What services do we find in credit unions that we do not have in micro finance institutions?
A credit union cooperative is a micro finance institution. The first requirement is registration to become member. Once registered any client becomes a member which means he/she is part of the decision making body. Credit unions value their members more than any other thing.
Members top the chart of the body before Board of Directors. This is simply because the group belongs to members who designate Board of Directors and can do away with them at anytime necessary. Being a member is simple.
But it all depends on each credit union. It suffices to deposit a particular amount of money which counts for registration fees and shares. (FCFA 21,000, 25,000, 32,000 …). We also offer fertilizer to members on credit. Credits unions also pay salaries. We also offer contract loans to members.

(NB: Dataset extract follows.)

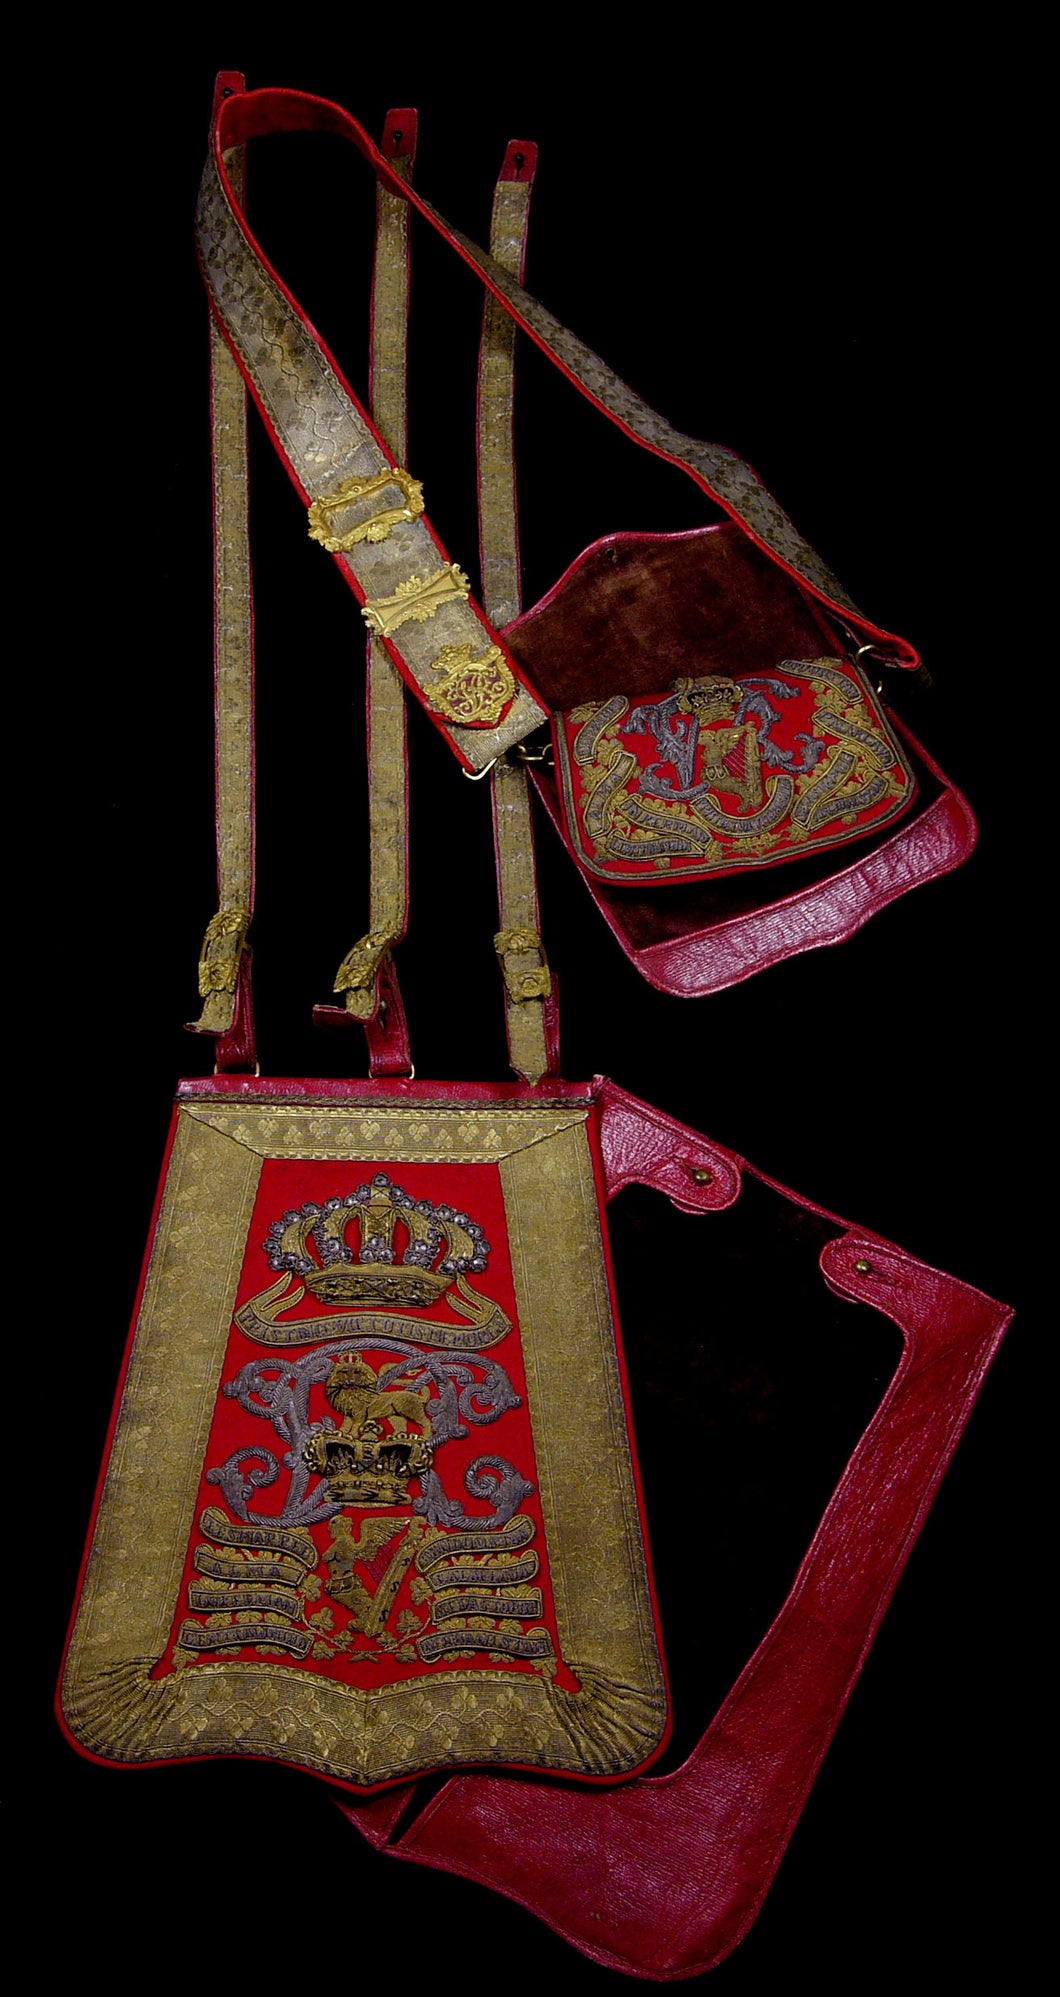 8th (King’s Royal Irish) Hussars Officer’s Full Dress Sabretache, Shoulder Belt and Pouch, Circa 1890

What is the loan policy of credit unions?
Registered members can save from FCFA 500 and above either on daily, weekly or monthly basis. Saving more increases the chances of being offered a loan. The member gives the conditions to pay the loan and the most important thing with the credit union is that the interest rate is very low though depending on each house (we are at 1.5 per FCFA 1,000 per month) which means FCFA 100,000 goes for FCFA 1,500 as interest rate per month. The category of payment duration is also encouraging, ranging from 12 to 24 months for an amount like FCFA 100, 000.
The maximum duration for building loan is 48 months and any other loan 24 months as maximum duration. The interest drops as the loan reduces.
Offering support for contract loans ….?
Members who win contracts bring the contract documents and requirement to the credit union from where they are analysed. The credit union prepares the bank documents for the member so much so that payments are wired to the credit union account from where the member (contractor) regularises the contract with the credit union before clearing the money.
All that is required of members is to pay charges for the contract operations preparations to the credit union which in most cases is not much. However, we do not just do it on a platter of gold. Contractors are obliged to present collateral (business house or landed property).
And management schemes..?
Another factor is management and operations. Getting a loan in the bank is bureaucratic meanwhile credit unions are more flexible. Their loan operation schemes. If you go for 10 million in a bank and promises to pay in five years with an interest rate of 500 000 and if you happen to carry out a business of FCFA 15 million and opts to pay back the loan, they won’t accept but in the credit union they will happily accept. Those are some of the advantages that credit unions offer to customers.
Just that sense of belonging whereby members know they can choose who manages them encourages adherence. The micro finance market in Cameroon has failed a lot of times with customers crying out loud on their savings lost.
This has made Cameroonians to lost trust for such institutions and is moving towards credit unions where they think their money is safe, given that most of them are from the same villages and know who to hold responsible in times of crash.